- _TASK DESCRIPTION_
Omit every image, and transcribe the remaining entries exactly as given.

- _MATERIAL FOR THIS EXERCISE_
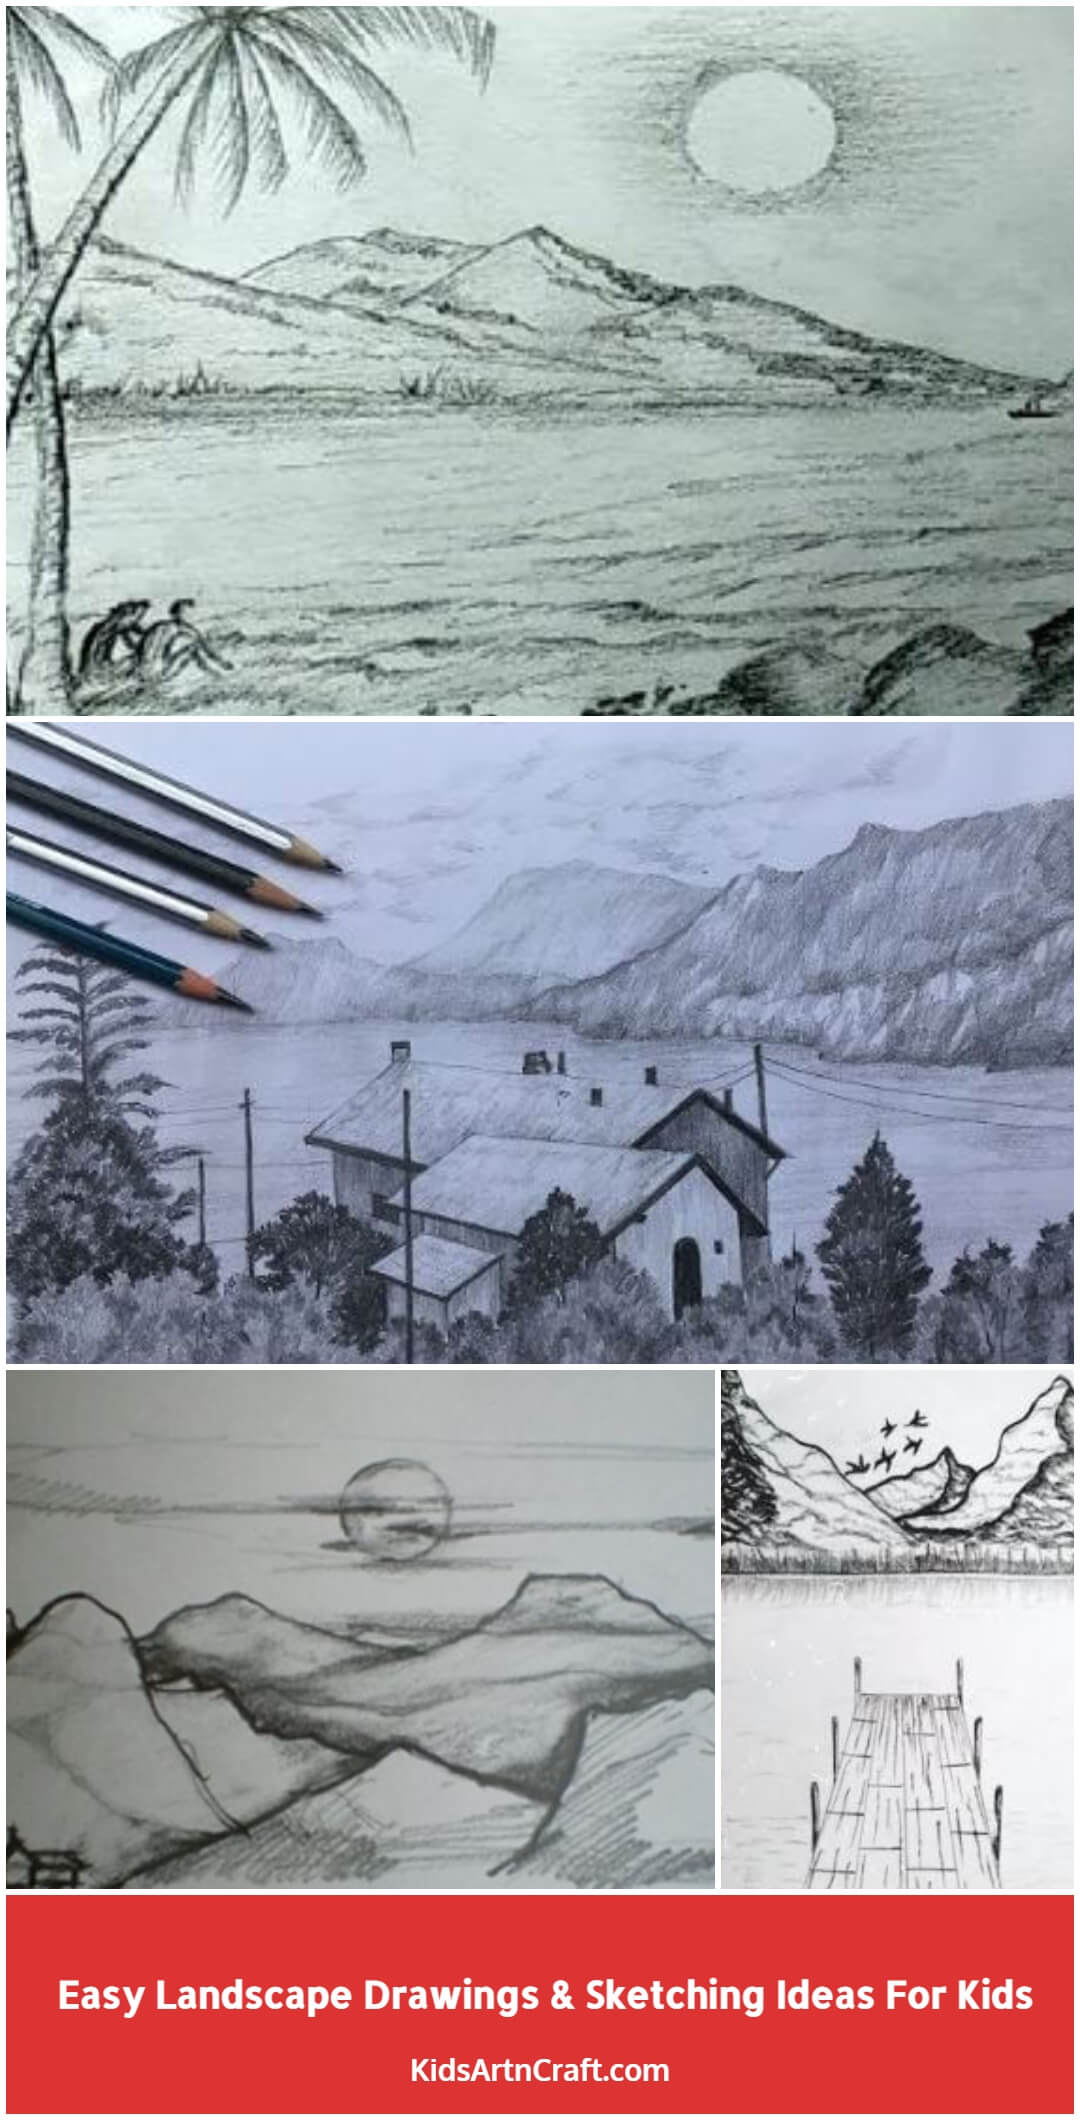 Pencil Drawing Services - Masterful Artistry for Visualization
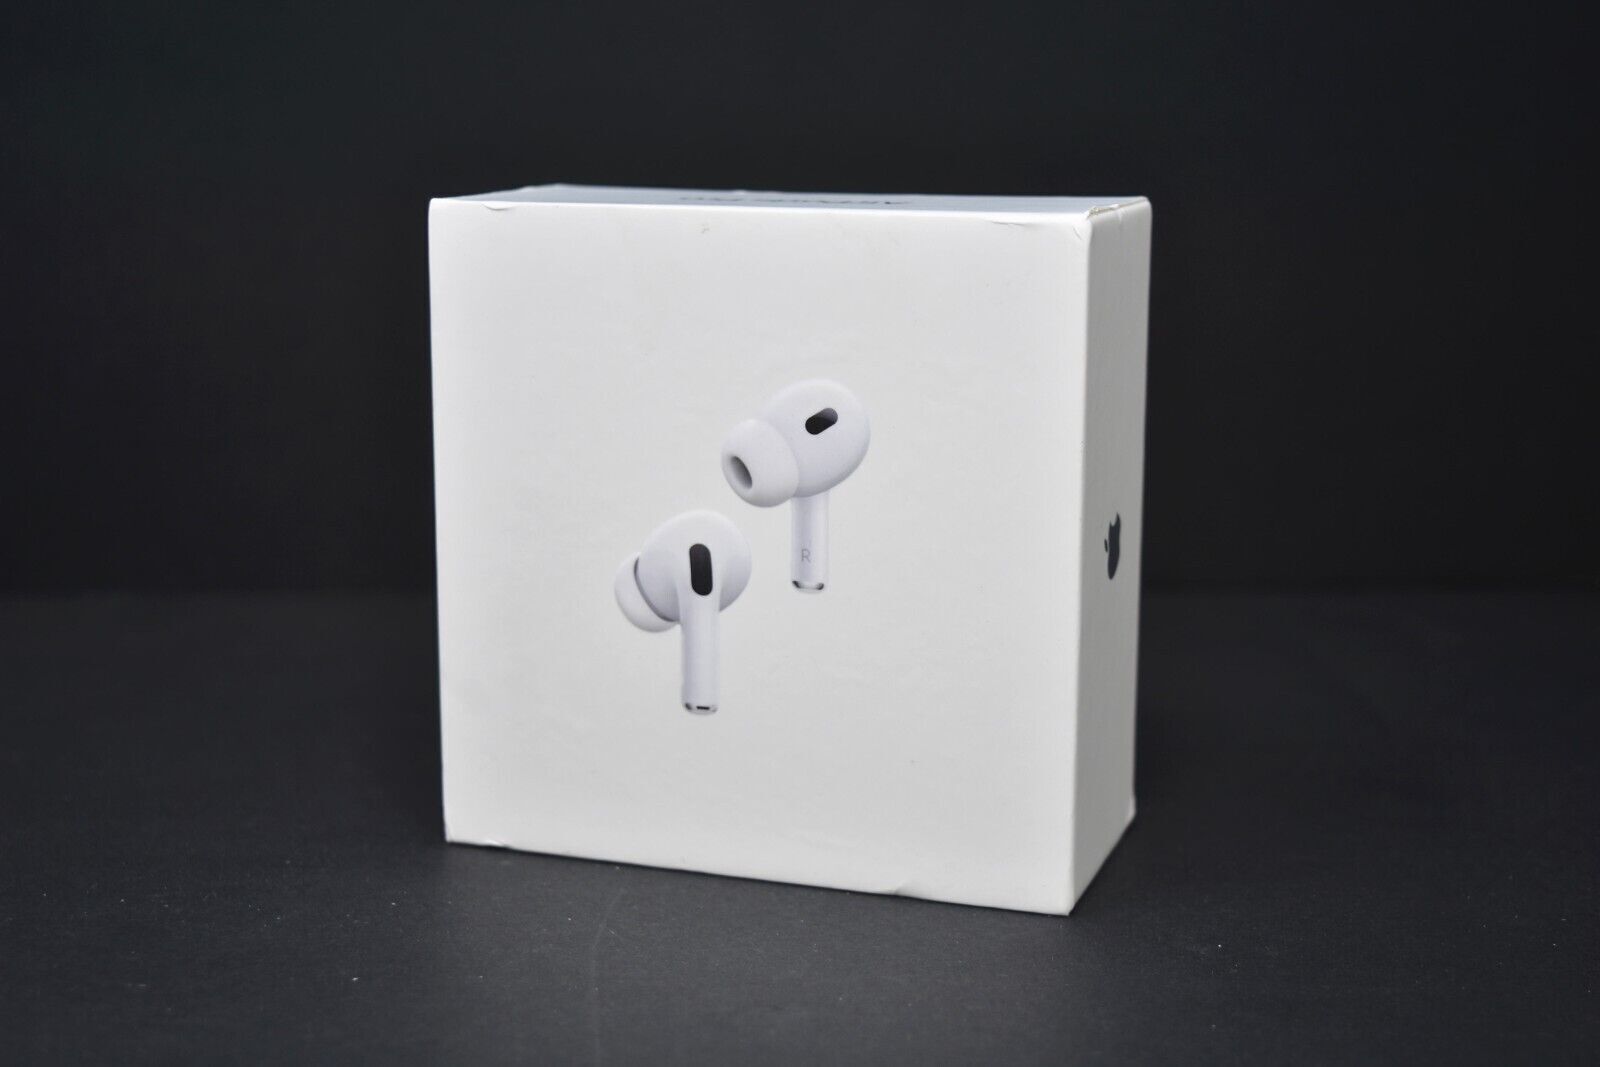 AppIe AirPods Pro (2nd Generation) Earphone Wireless with Charging Case 
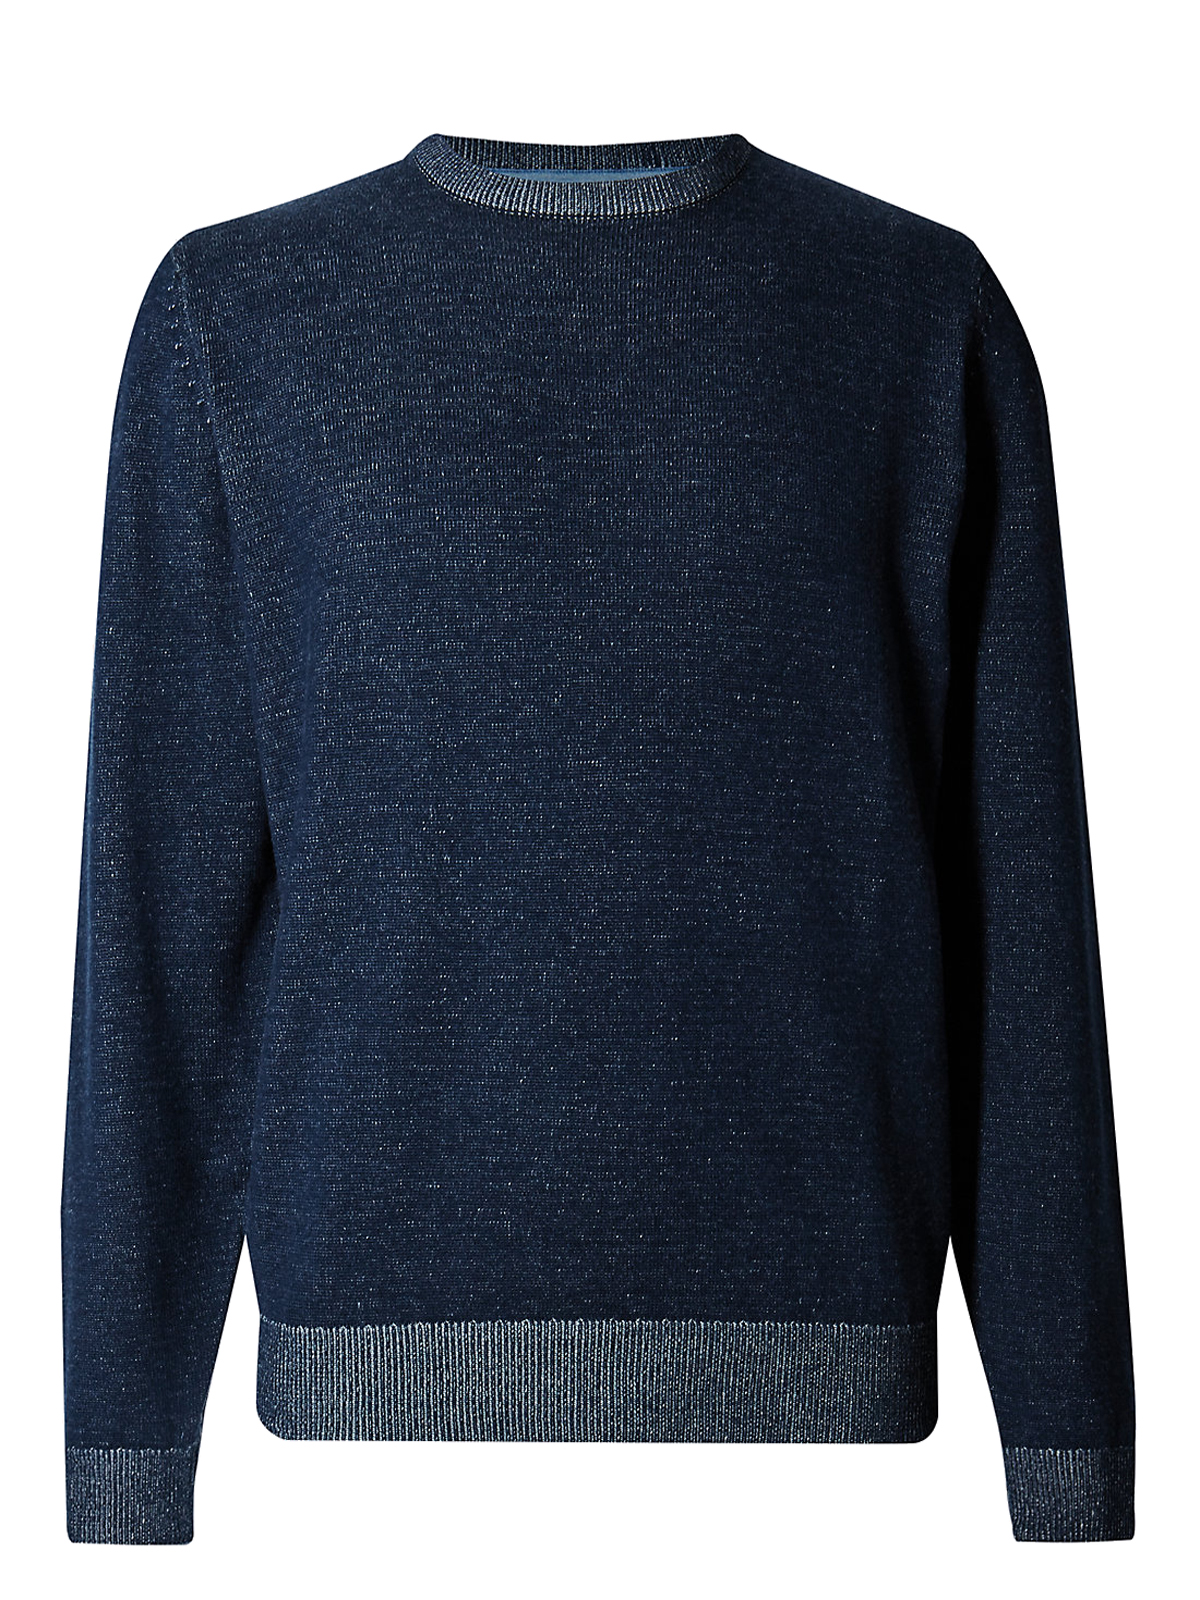 Marks and Spencer - - M&5 ASSORTED Mens Knitted Jumpers - Size Small to ...
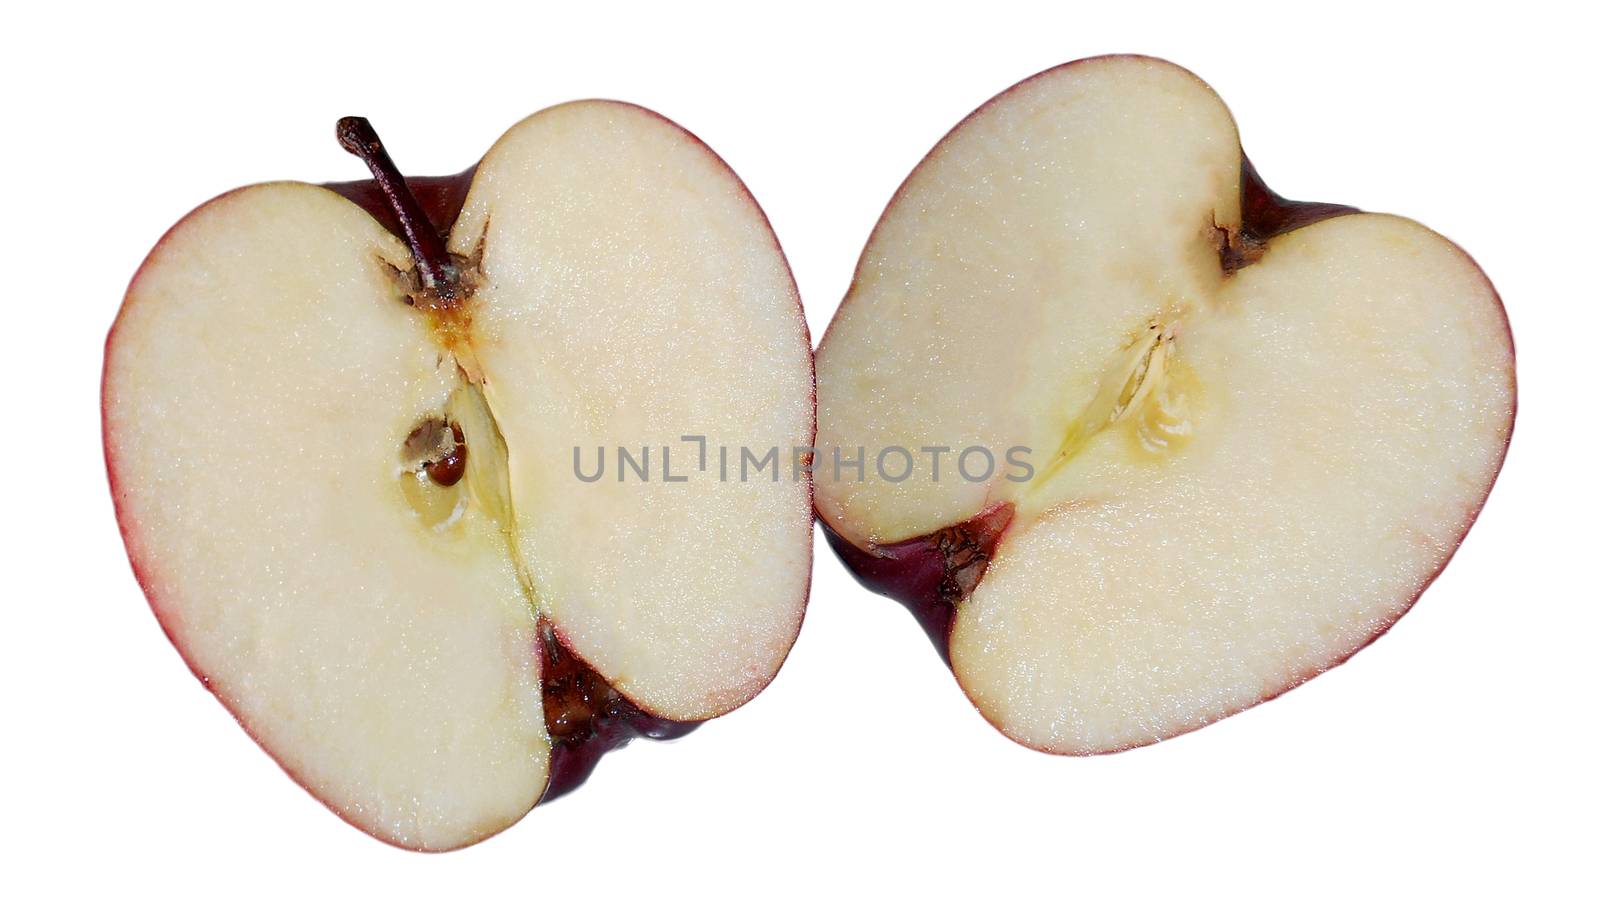 Two halves of an apple, isolated on white.

Picture taken on November 21, 2014.

- _TASK OUTPUT_
 Pencil Drawing Services - Masterful Artistry for Visualization
 AppIe AirPods Pro (2nd Generation) Earphone Wireless with Charging Case 
 Marks and Spencer - - M&5 ASSORTED Mens Knitted Jumpers - Size Small to ...
 Two halves of an apple, isolated on white.

Picture taken on November 21, 2014.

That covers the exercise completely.